"Adviento" significa "venida", "llegada". Litúrgicamente hablando, se nos recuerda cuando Dios viene a nosotros; cuando eso ocurre, las cosas cambian, y cambian radicalmente. Sin embargo, ciertas imágenes de Dios que llevamos dentro no nos permiten ver su venida. Eso ocurre cuando pensamos que Dios está en lo espectacular y no advertimos su presencia en los gestos sencillos de fraternidad, solidaridad, cordialidad, vida compasiva y cercanía hospitalaria.
Por eso, en esa espera se nos invita a estar en vela, vigilantes, es decir, a vivir cada instante conscientemente; a salir del estado de inconsciencia, de apatía, de indolencia. En consecuencia, la liturgia de la palabra propia del tiempo de adviento pone dos voces de fuerza profética que invitan a despertar: Isaías y Juan Bautista.
Isaías proclama la esperanza de una realidad en la que reinarán plenamente la misericordia y la justicia de Dios (Is 56,1; 65,17-19; 65,20). Juan, la voz que clama en el desierto, preparaba y anunciaba la llegada de un Mesías liberador. Pregonaba un bautismo en señal de arrepentimiento (Mc 1,3-4). Su predicación le valió ser apresado por el rey Herodes, que veía en ella un cuestionamiento a su poder y a sus privilegios.
Tanto en Isaías como en Juan Bautista, el llamado a despertar a la realidad exige concreción: alegría y gozo porque la vida de los débiles y oprimidos está protegida, porque el tiempo de Dios (su reino de amor y justicia) ha entrado en la historia humana. Quien vigila está abierto a esa misericordia y justicia de Dios; está abierto al mundo (empatía) para transformarlo; al otro, pobres y víctimas, para reaccionar con compasión.

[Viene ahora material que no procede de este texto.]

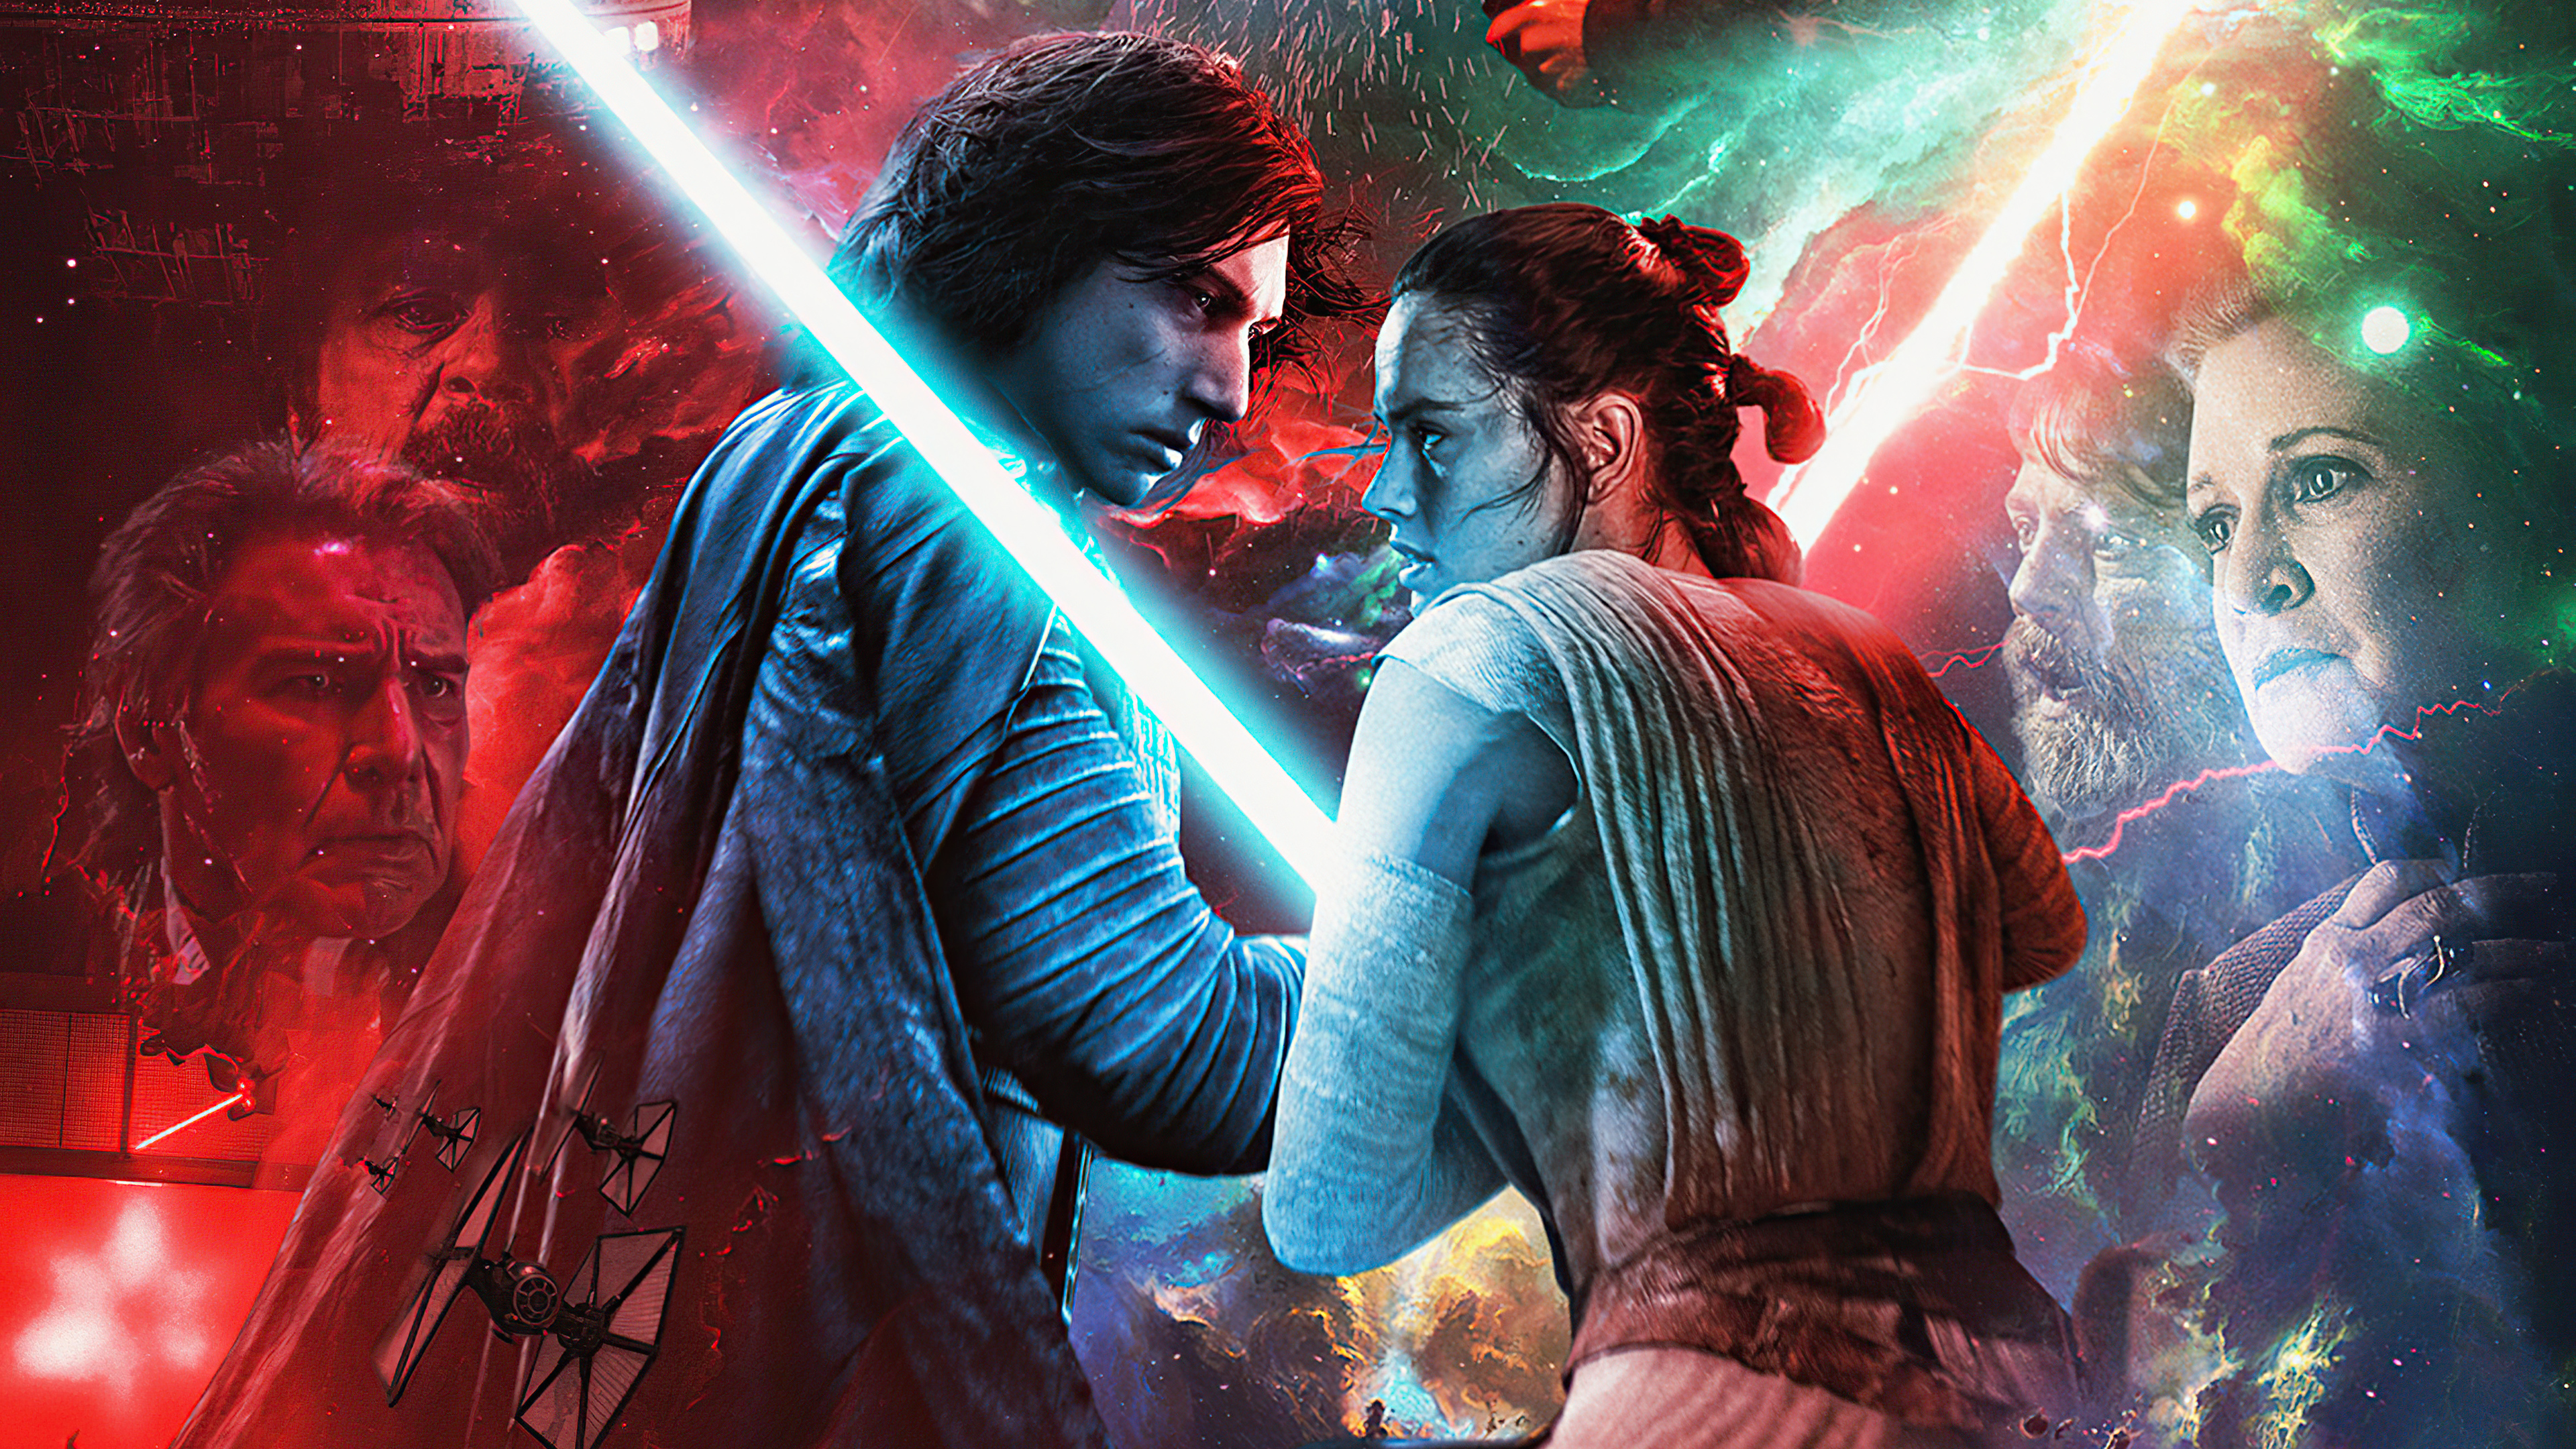 Cùng chiêm ngưỡng bức tranh poster độc đáo của Star Wars The Rise of Skywalker với độ phân giải 4k nhé! Hãy dành chút thời gian để ngắm nhìn chi tiết từng góc cạnh trên bức tranh đầy mê hoặc này.

Desde ellos podemos afirmar que el tiempo de Dios no es simplemente un tiempo litúrgico retórico. Adviento no debe ser una liturgia sin historia, sino una liturgia que ilumina realidades concretas. Tenemos, en ese sentido, emblemáticos ejemplos: fray Antonio de Montesinos, en su famoso sermón del cuarto domingo de adviento de 1511, ante el maltrato, explotación y muerte de los habitantes de las llamadas Indias occidentales, interpeló proféticamente: "¿Cómo estáis en tanta profundidad de sueño tan letárgico dormidos?". La interpelación fue dirigida, precisamente, a los conquistadores y colonizadores de la época, a los que se les exhortaba a despertar del sueño del egocentrismo que deshumaniza.
Monseñor Romero, en su homilía del segundo domingo de adviento de 1977, a propósito de las situaciones que estorban para ver al Cristo que viene, manifestó: "El vivir tan cómodo, tan instalado, tan rico, que prácticamente son materialistas, no tienen tiempo, no les importa analizar la situación dramática del país y de su propia conciencia, están muy a gusto en sus jaulas de oro".
Ignacio Ellacuría y Jon Sobrino también nos han hablado de la necesidad de estar atentos a ese momento especial de manifestación de Dios en nuestro aquí y ahora. Concretamente, eso significa discernir los signos de los tiempos desde los pobres y las víctimas. Ellos y ellas, según Ellacuría y Sobrino, nos interpelan a ser humanos, nos hacen ver la verdad de la realidad y nos convocan a construir una civilización de la pobreza. Pobres y víctimas pueden ayudarnos a despertar del sueño de cruel inhumanidad, a pasar de la indolencia a la compasión. Pueden ayudarnos a hacernos cargo de la verdadera realidad del mundo (tener no solo un conocimiento que supera la ignorancia, sino llegar a la verdad que supere el encubrimiento). Pueden ayudarnos a forjar una nueva civilización que humanice, es decir, que no esté en función del capital, sino del ser humano; que pueda ser universalizable porque posibilita una vida digna y sustentable para todos; una civilización donde no haya lugar para lo superfluo cuando las necesidades básicas de las mayorías no están cubiertas.
El adviento que se historiza toma en serio lo real del sufrimiento y la práctica que lo transforme. Así lo visualizaba el profeta Isaías: "Pronto, muy pronto, el Líbano se convertirá en jardín, y el jardín parecerá un bosque; aquel día oirán los sordos las palabras del libro, sin tinieblas ni oscuridad verán los ojos de los ciegos; los oprimidos volverán a festejar al Señor y los pobres se alegrarán con el Santo de Israel, porque no quedarán tiranos, se acabarán los cínicos y serán aniquilados los que se desviven por el mal" (Is 29, 17-20).